Data —
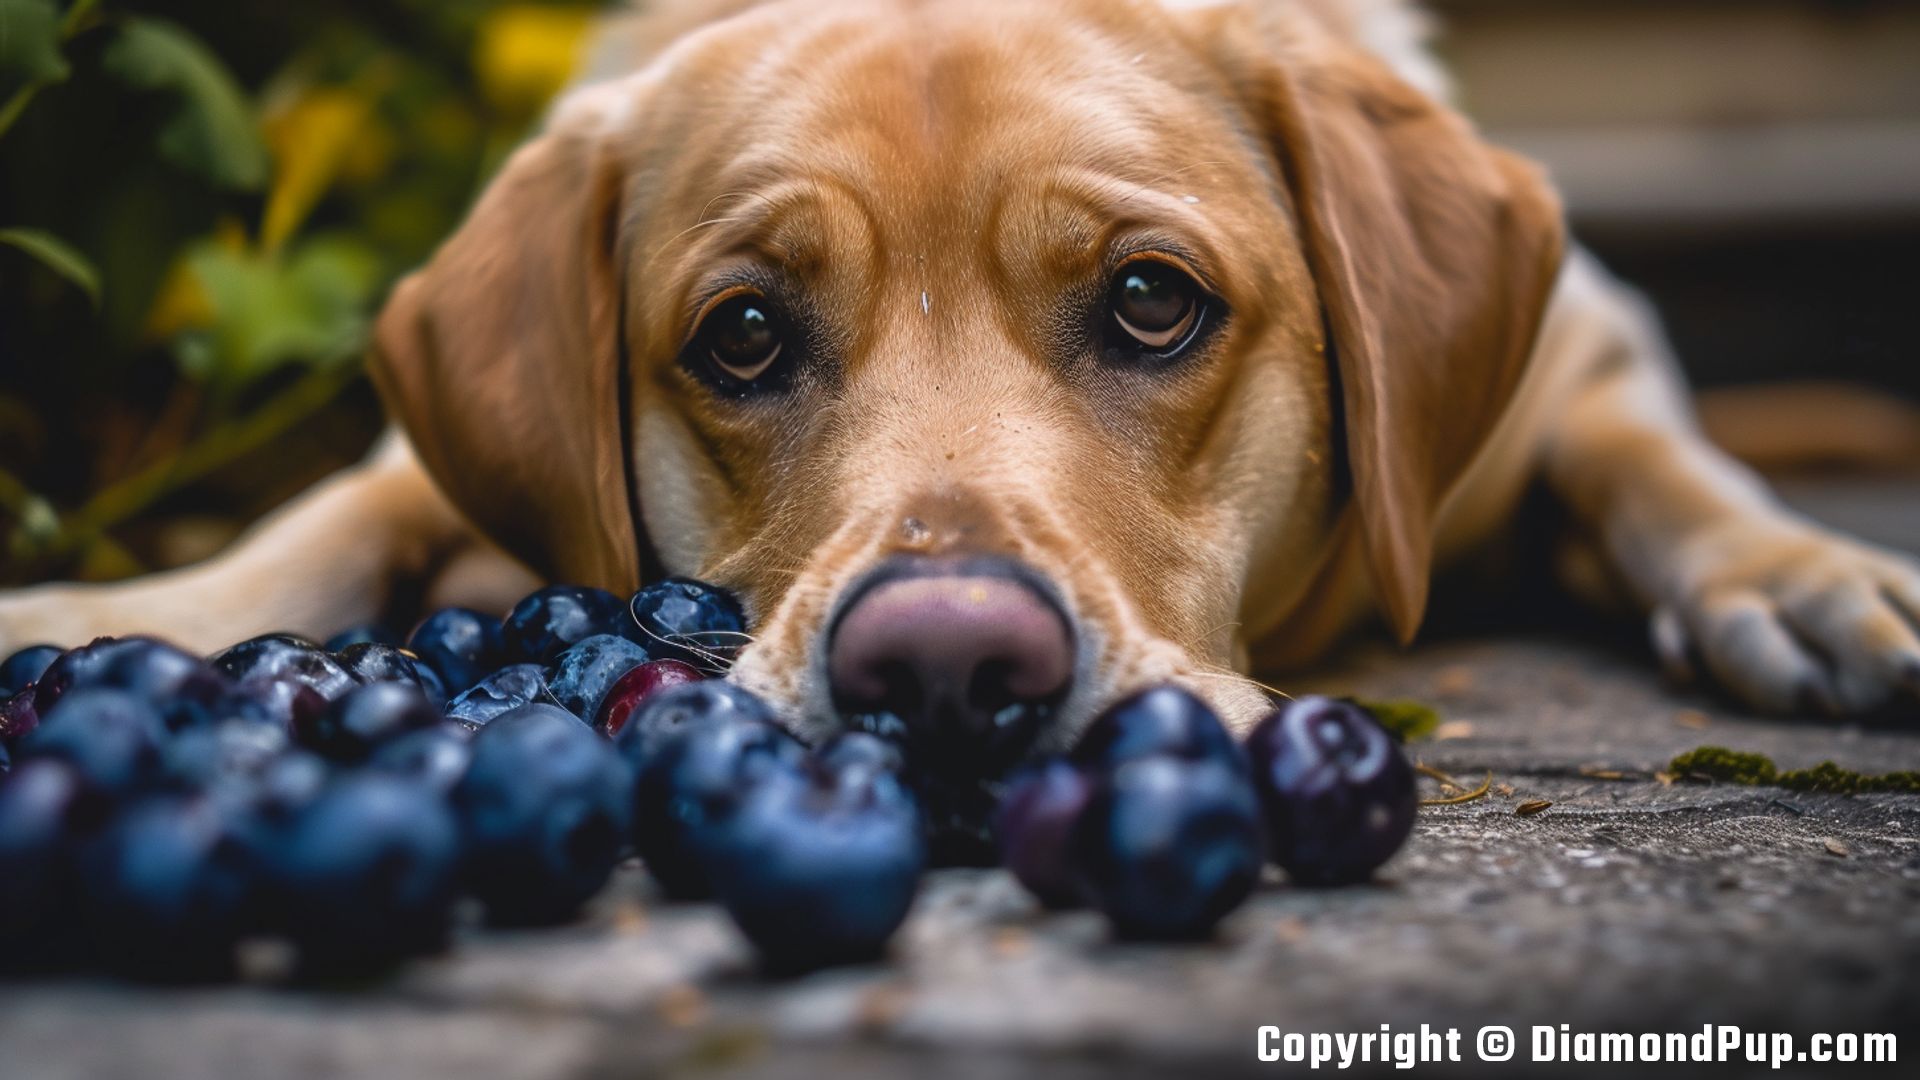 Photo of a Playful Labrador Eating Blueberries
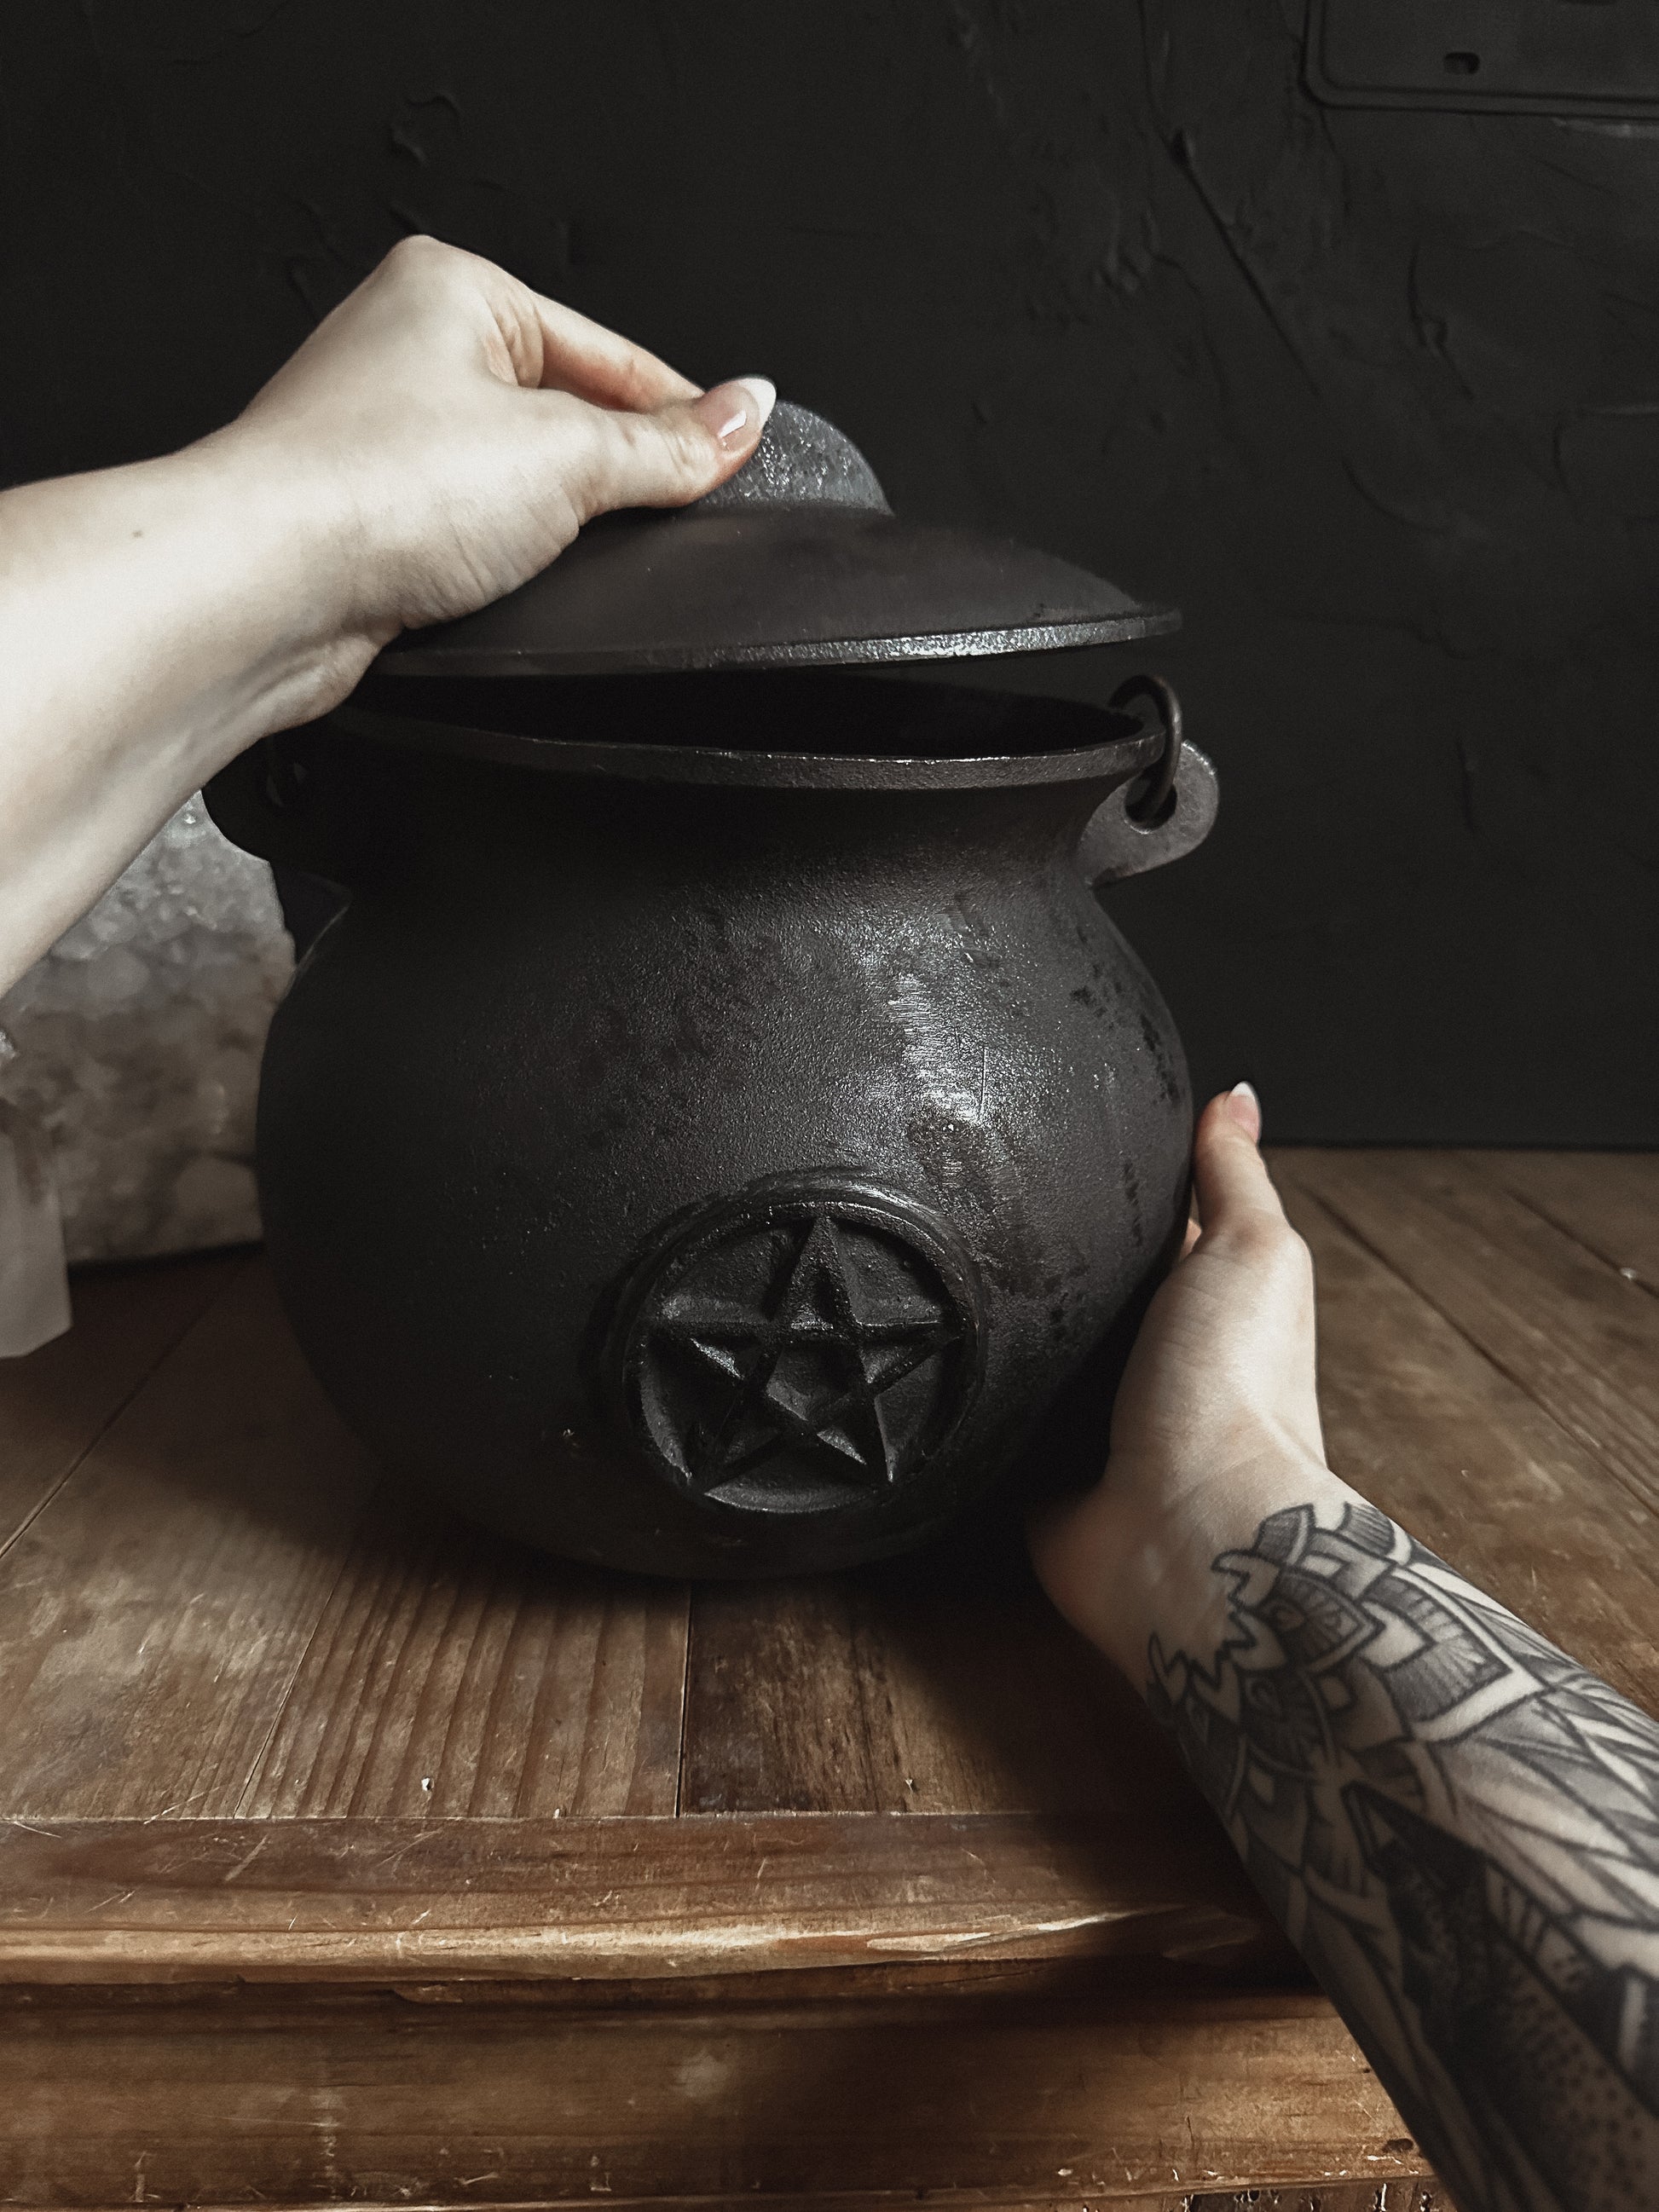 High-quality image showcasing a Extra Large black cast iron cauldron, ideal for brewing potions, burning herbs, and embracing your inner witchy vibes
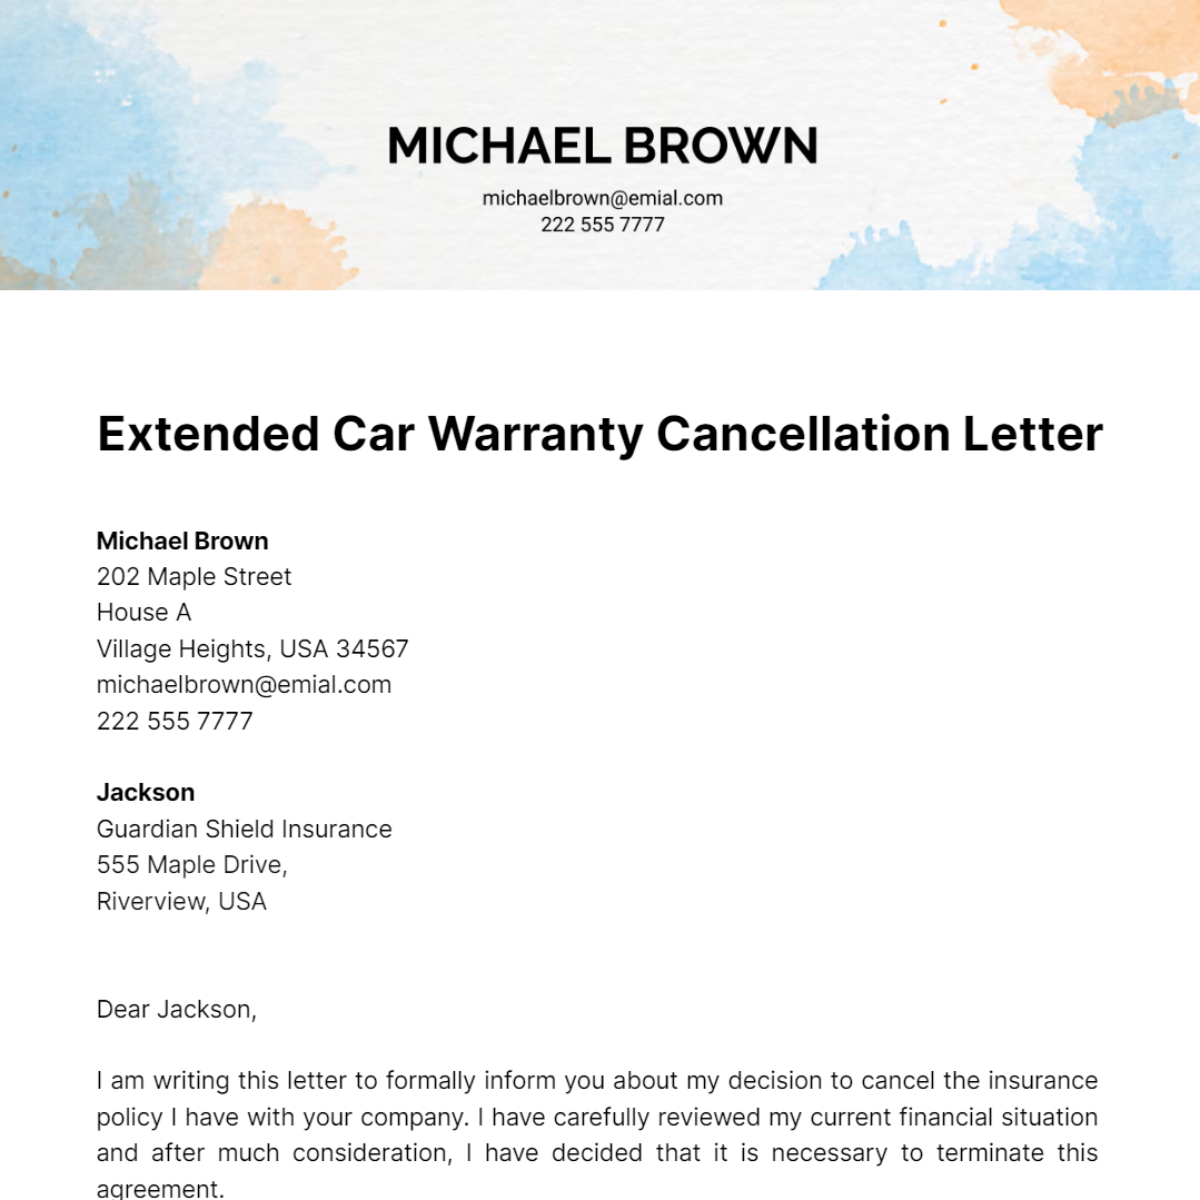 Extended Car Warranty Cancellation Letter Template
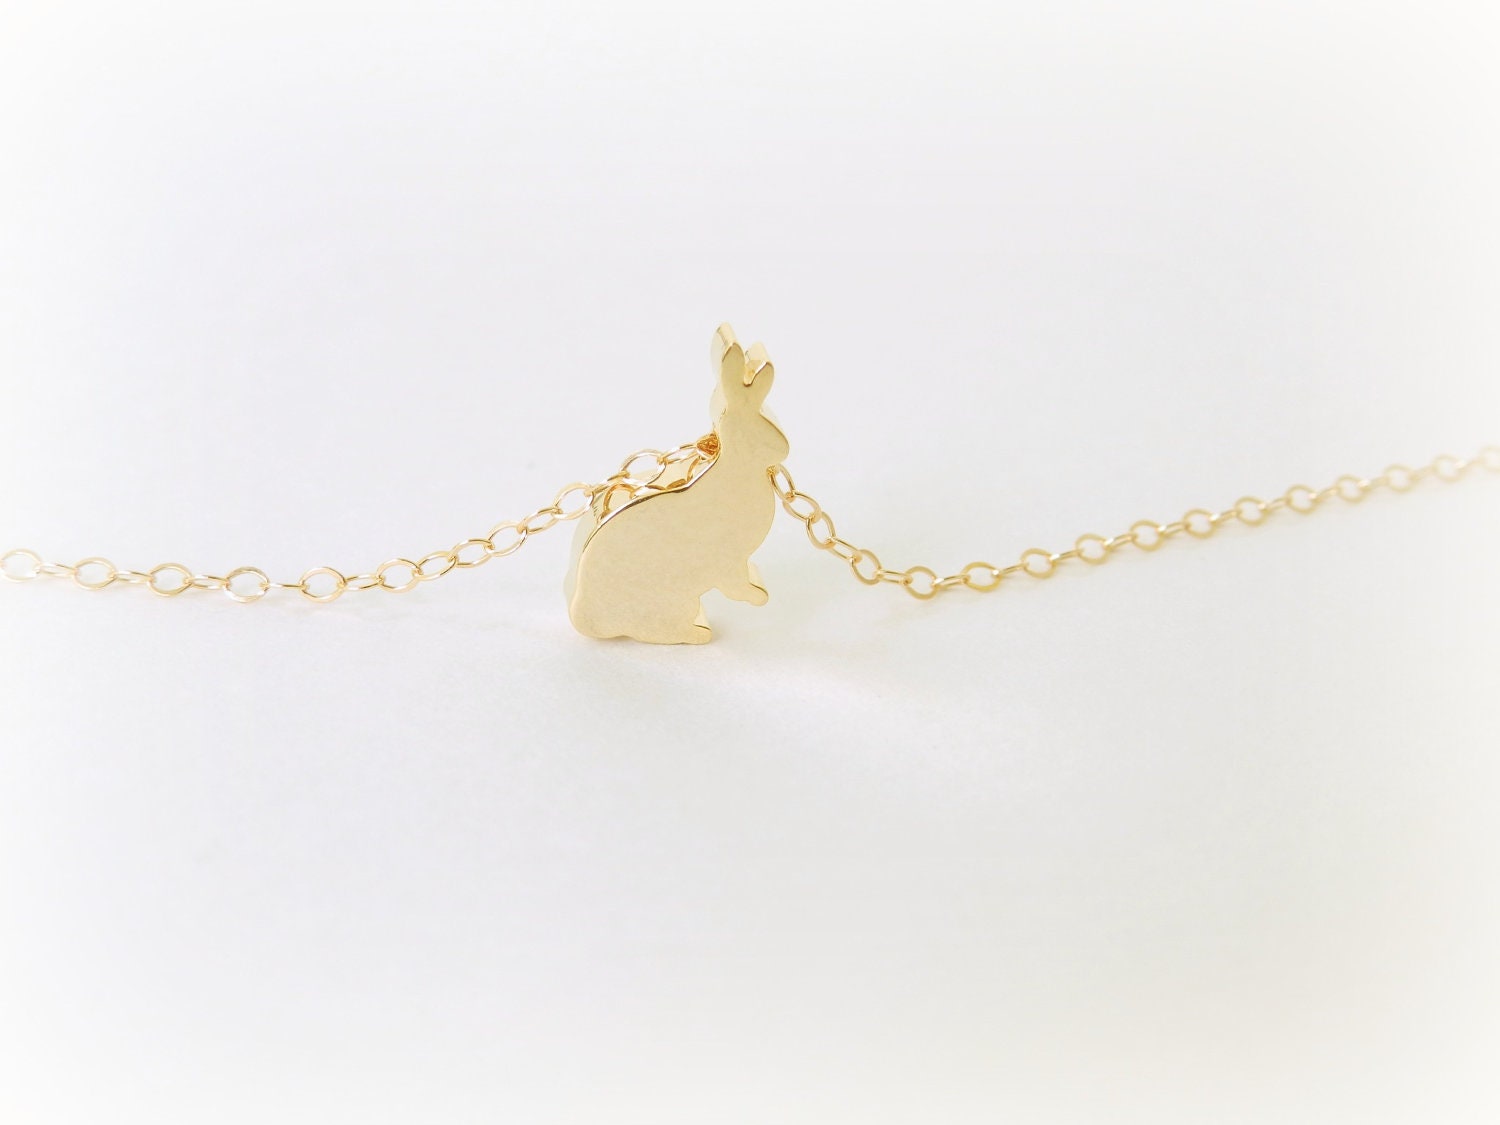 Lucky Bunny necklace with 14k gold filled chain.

Required work —
Print the listing again exactly as it appears, except for the pictures, which stay out.

Worked solution —
 Photo of a Playful Labrador Eating Blueberries
 High-quality image showcasing a Extra Large black cast iron cauldron, ideal for brewing potions, burning herbs, and embracing your inner witchy vibes
 Extended Car Warranty Cancellation Letter Template
 Lucky Bunny necklace with 14k gold filled chain.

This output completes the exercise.